Hereditary persistence of fetal hemoglobin (HPFH) ameliorates β-hemoglobinopathies by inhibiting the developmental switch from γ-globin (HBG1/HBG2) to β-globin (HBB) gene expression. Some forms of HPFH are associated with γ-globin promoter variants that either disrupt binding motifs for transcriptional repressors or create new motifs for transcriptional activators. How these variants sustain γ-globin gene expression postnatally remains undefined. We mapped γ-globin promoter sequences functionally in erythroid cells harboring different HPFH variants. Those that disrupt a BCL11A repressor binding element induce γ-globin expression by facilitating the recruitment of nuclear transcription factor Y (NF-Y) to a nearby proximal CCAAT box and GATA1 to an upstream motif. The proximal CCAAT element becomes dispensable for HPFH variants that generate new binding motifs for activators NF-Y or KLF1, but GATA1 recruitment remains essential. Our findings define distinct mechanisms through which transcription factors and their cis-regulatory elements activate γ-globin expression in different forms of HPFH, some of which are being recreated by therapeutic genome editing.

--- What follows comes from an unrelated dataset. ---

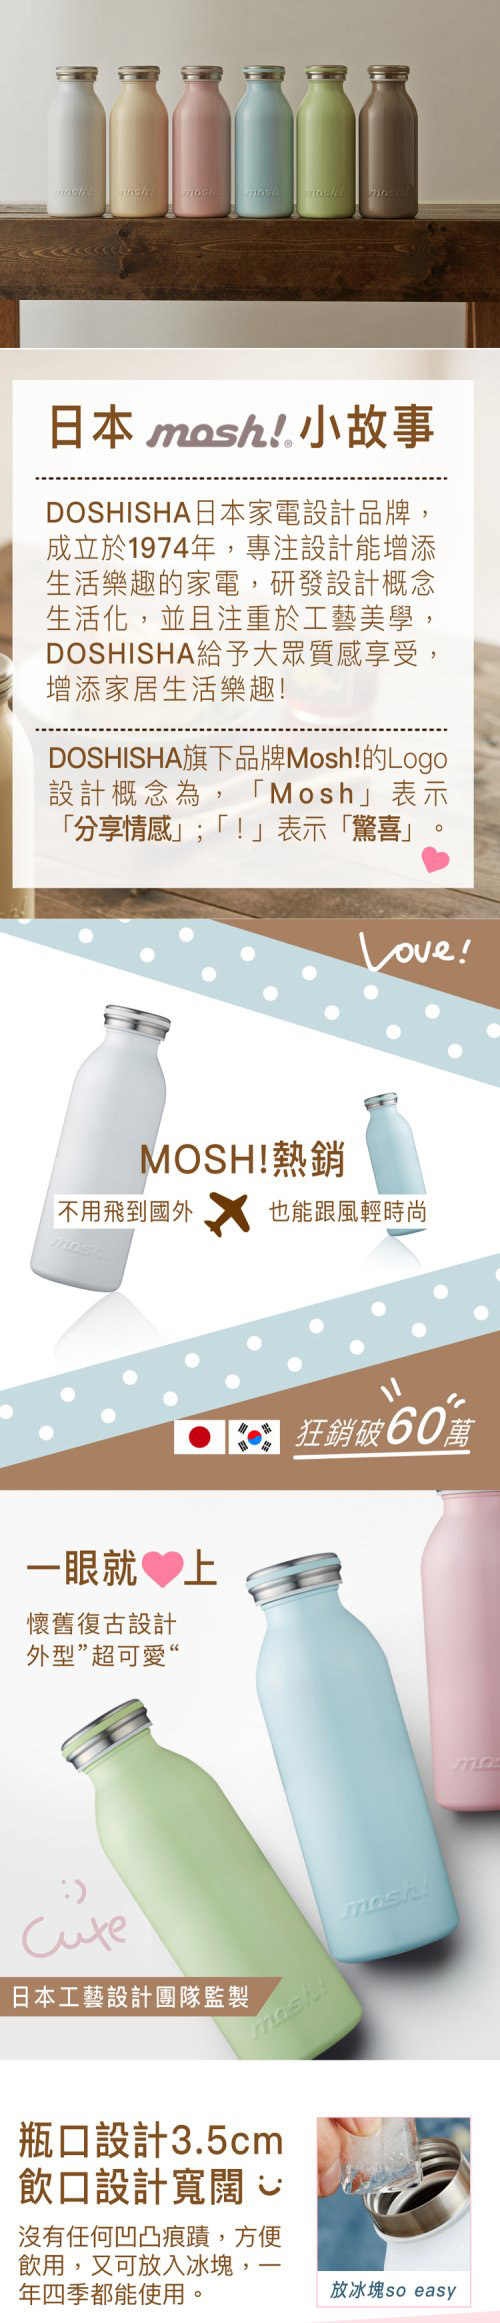 日本 MOSH! 350ML保溫瓶 薄荷綠

胎儿血红蛋白 (HPFH) 的遗传持久性通过抑制从 γ-珠蛋白 ( HBG1 / HBG2 ) 向 β-珠蛋白 ( HBB )的发育转变来改善 β-血红蛋白病） 基因表达。某些形式的 HPFH 与 γ-珠蛋白启动子变体相关，这些变体要么破坏转录抑制因子的结合基序，要么为转录激活因子创造新的基序。这些变体如何在出生后维持 γ-珠蛋白基因表达仍未确定。我们在具有不同 HPFH 变体的红细胞中功能性地绘制了 γ-珠蛋白启动子序列。破坏 BCL11A 阻遏物结合元件的那些通过促进核转录因子 Y (NF-Y) 募集到附近的近端 CCAAT 盒和 GATA1 募集到上游基序来诱导 γ-珠蛋白表达。对于为激活剂 NF-Y 或 KLF1 生成新的结合基序的 HPFH 变体，近端 CCAAT 元件变得可有可无，但 GATA1 募集仍然必不可少。顺式调节元件在不同形式的 HPFH 中激活 γ-珠蛋白表达，其中一些是通过治疗性基因组编辑重建的。